Capitolo conti pubblici. Se le dico che Spagna e Olanda hanno chiesto a Bruxelles di rivedere il patto di Stabilità, annacquando la regola sul rientro del debito, che mi dice? L’Olanda da frugale si è scoperta colomba e a qualcuno questa sembra una notizia…
Lo è, ma non così tanto. L’Olanda non ha fame, non soffre, si trova in una posizione di rigore tipica di chi non deve fare sforzi. Ma quando la crisi arriva, e morde, ecco che improvvisamente la posizione cambia. Capisce? Non è che ad Amsterdam sono impazziti, molto semplicemente hanno bisogno di ossigeno, come tutti noi. E di rigore, mi creda anche qui, si muore. Il rigore genera violenza su violenza.
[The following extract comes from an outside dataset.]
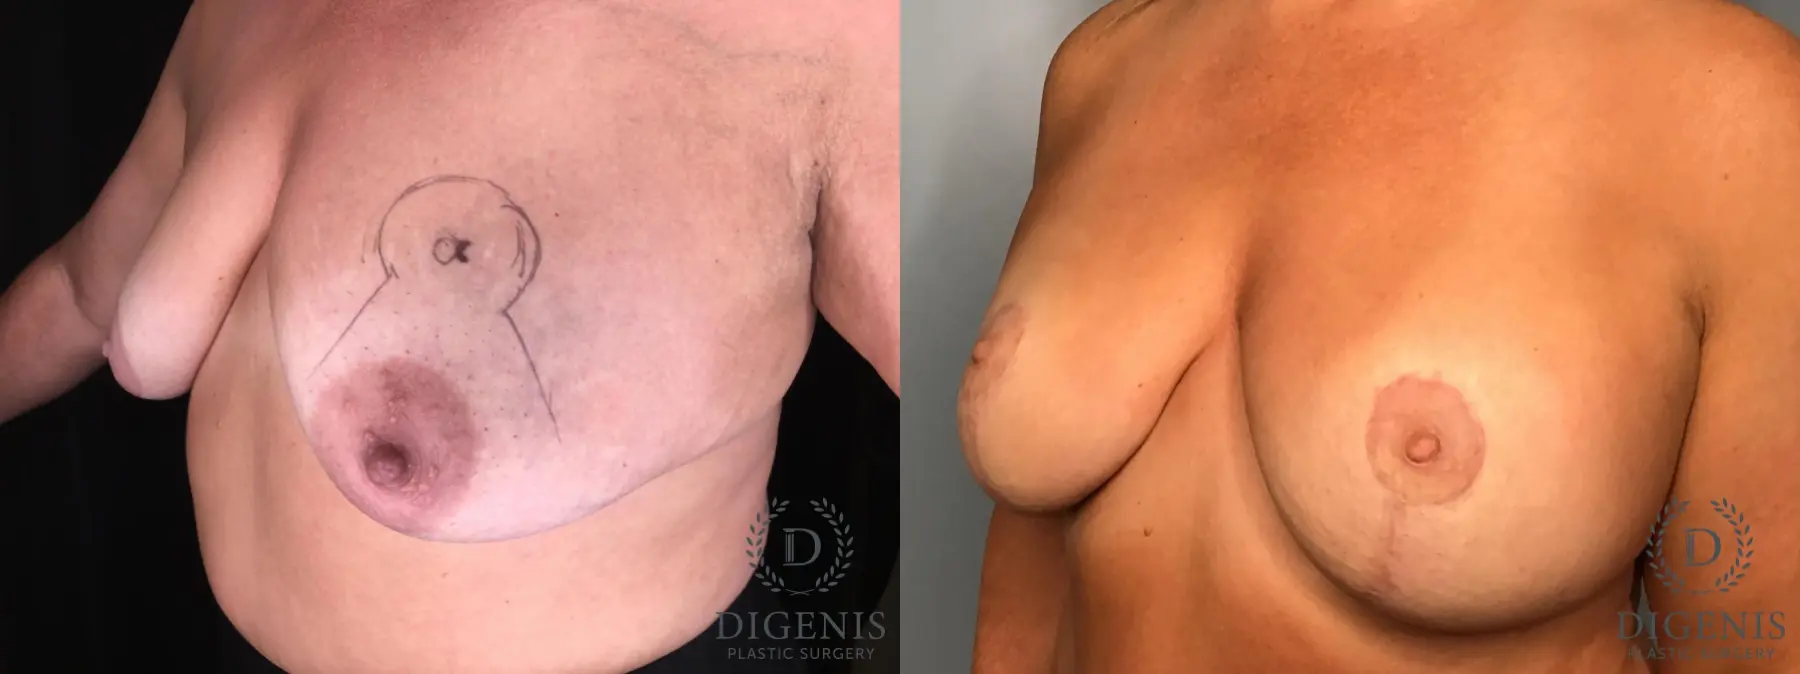 Mastopexy: Patient 2 - Before and After 2

Allora le regole del vecchio Patto non torneranno. Possiamo stare tranquilli, se così si può dire.
Non torneranno in vigore. A meno che l’Europa non sia talmente dottrinale da non valere la pena di essere costruita. Non credo sia possibile immaginare che l’Europa preferisca la dottrina al benessere della gente e dell’economia.